## Task goal
Could you print the listing again exactly, omitting the pictures?

Top of Supplied material

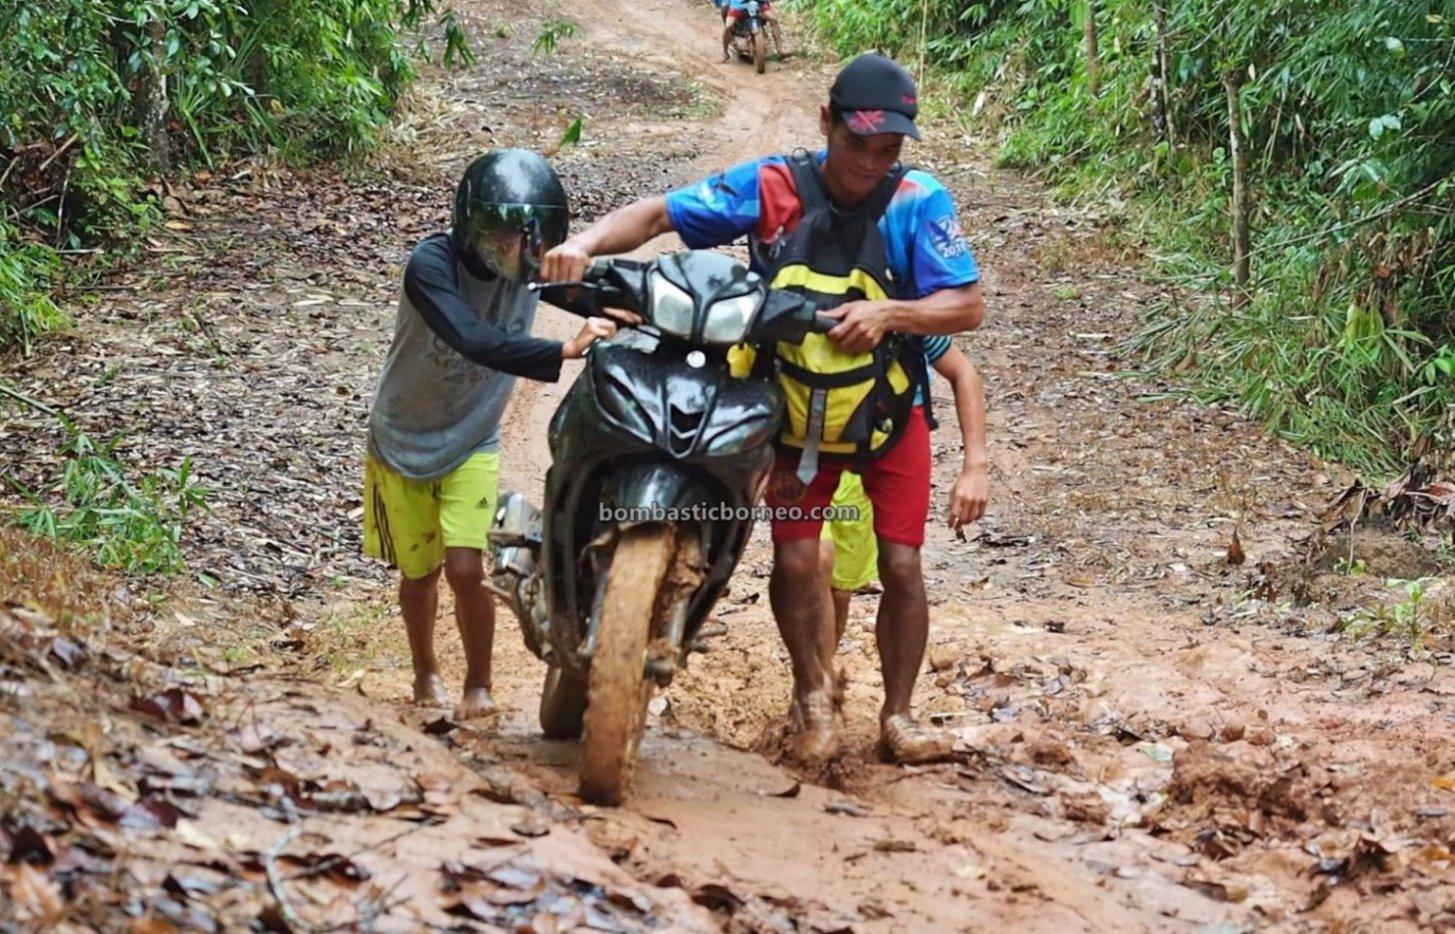 adventure, bike ride, backpackers, event, Bengkayang, Desa Bengkawan, Seluas, Dayak Kowon't, native, Tourism, village, Travel guide, Borneo, 探索婆罗洲游踪, 印尼西加里曼丹
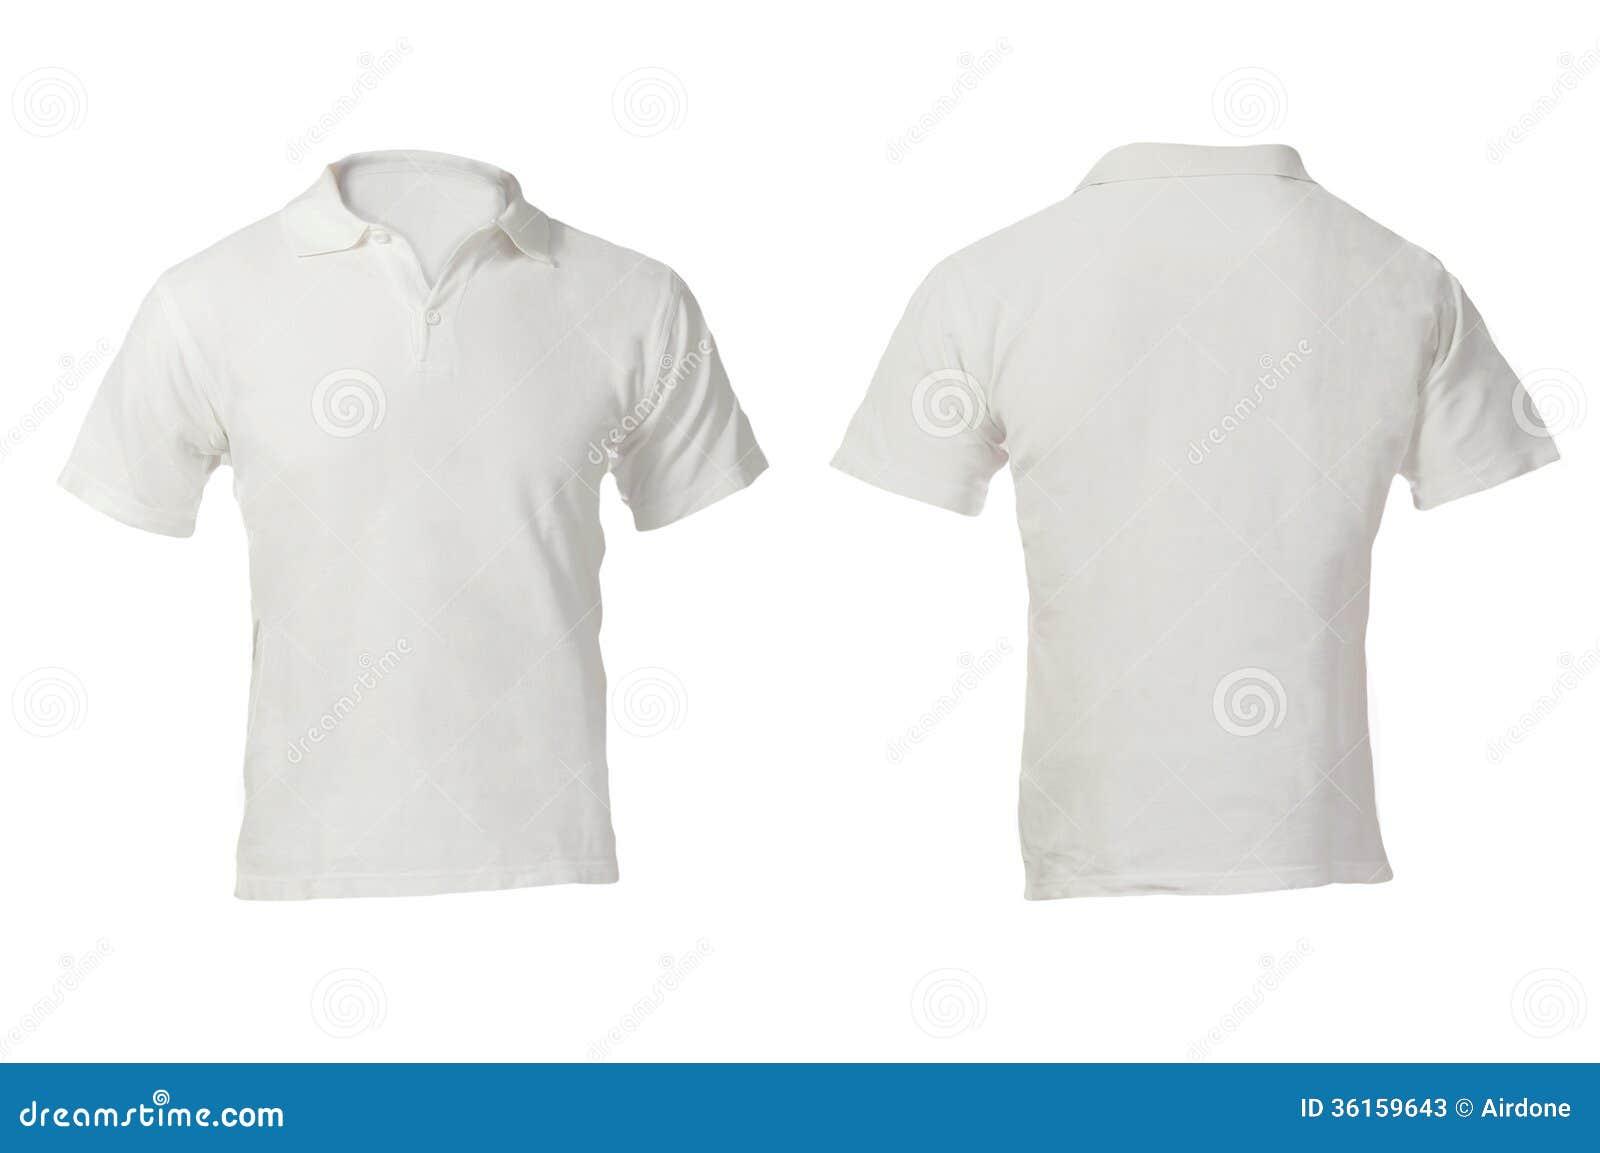 Men's Blank White Polo Shirt Template Stock Photos - Image: 36159643
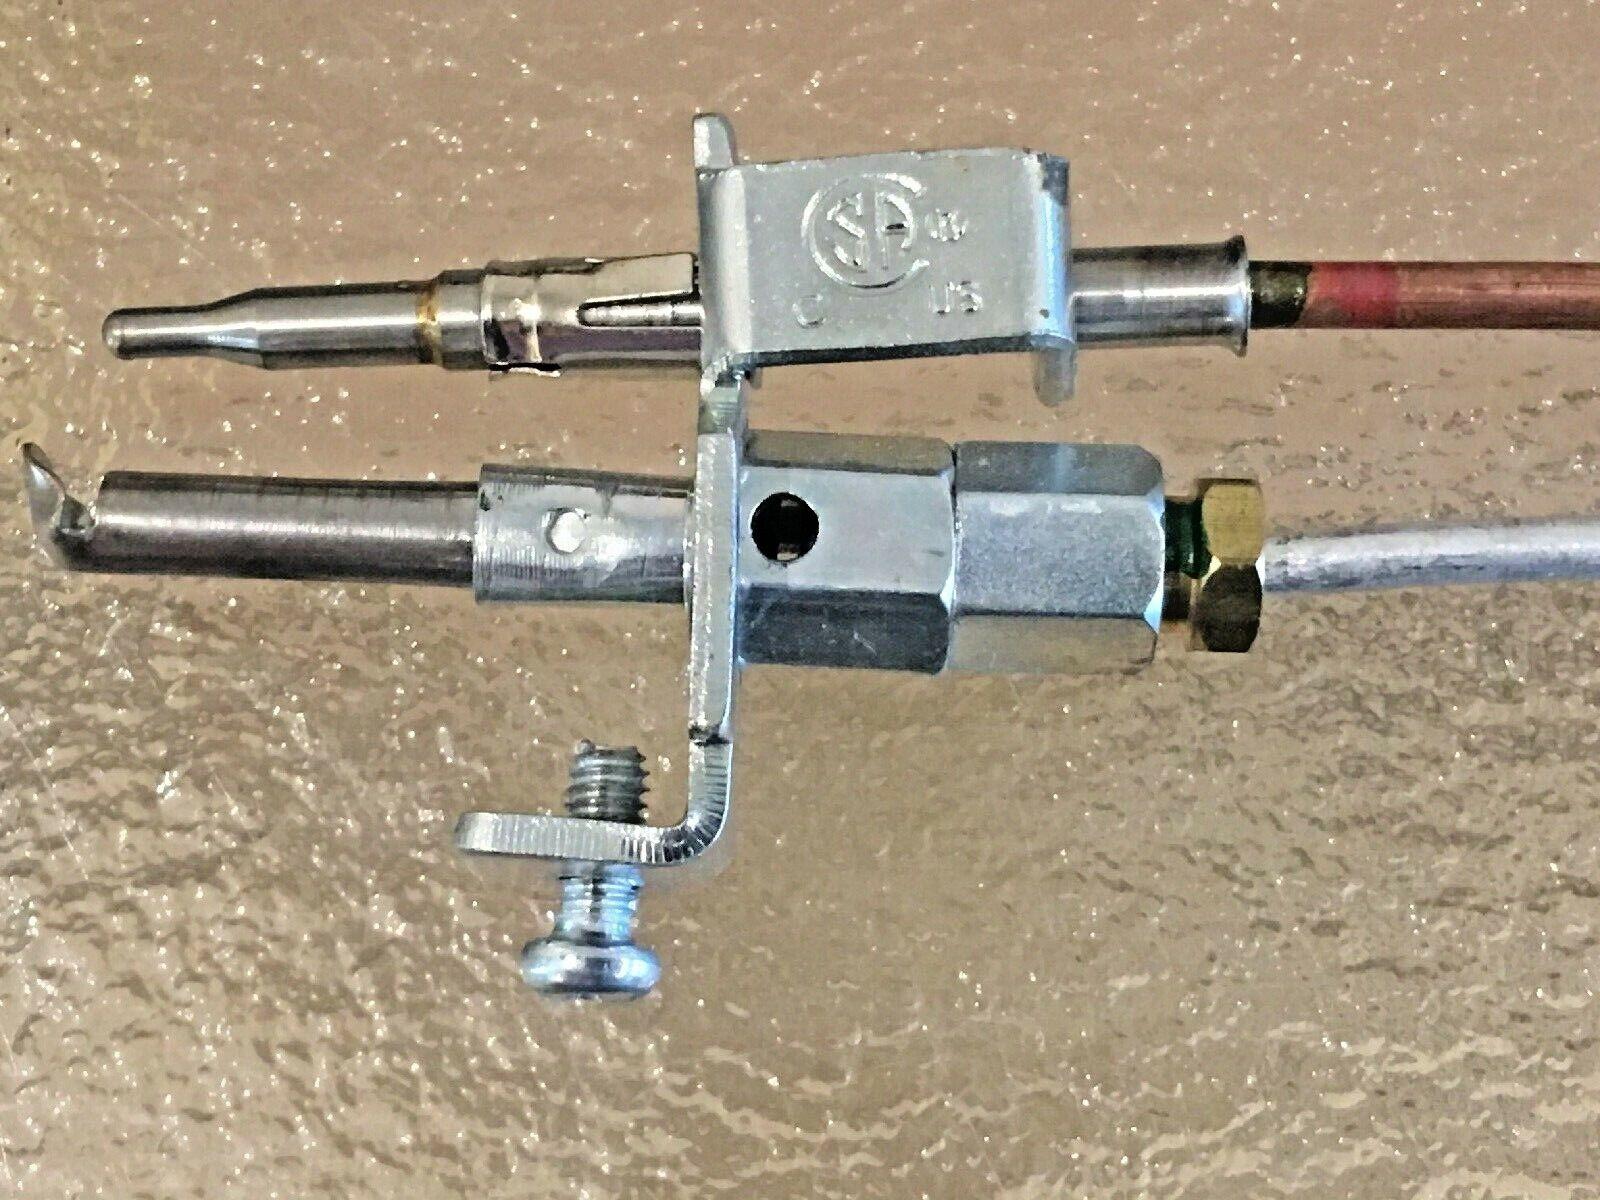 Wedgewood Atwood Stove Oven RV1733 RV2133 Thermocouple 57274 Burner Pilot Tube

Bottom of Supplied material

## Written response
 adventure, bike ride, backpackers, event, Bengkayang, Desa Bengkawan, Seluas, Dayak Kowon't, native, Tourism, village, Travel guide, Borneo, 探索婆罗洲游踪, 印尼西加里曼丹
 Men's Blank White Polo Shirt Template Stock Photos - Image: 36159643
 Wedgewood Atwood Stove Oven RV1733 RV2133 Thermocouple 57274 Burner Pilot Tube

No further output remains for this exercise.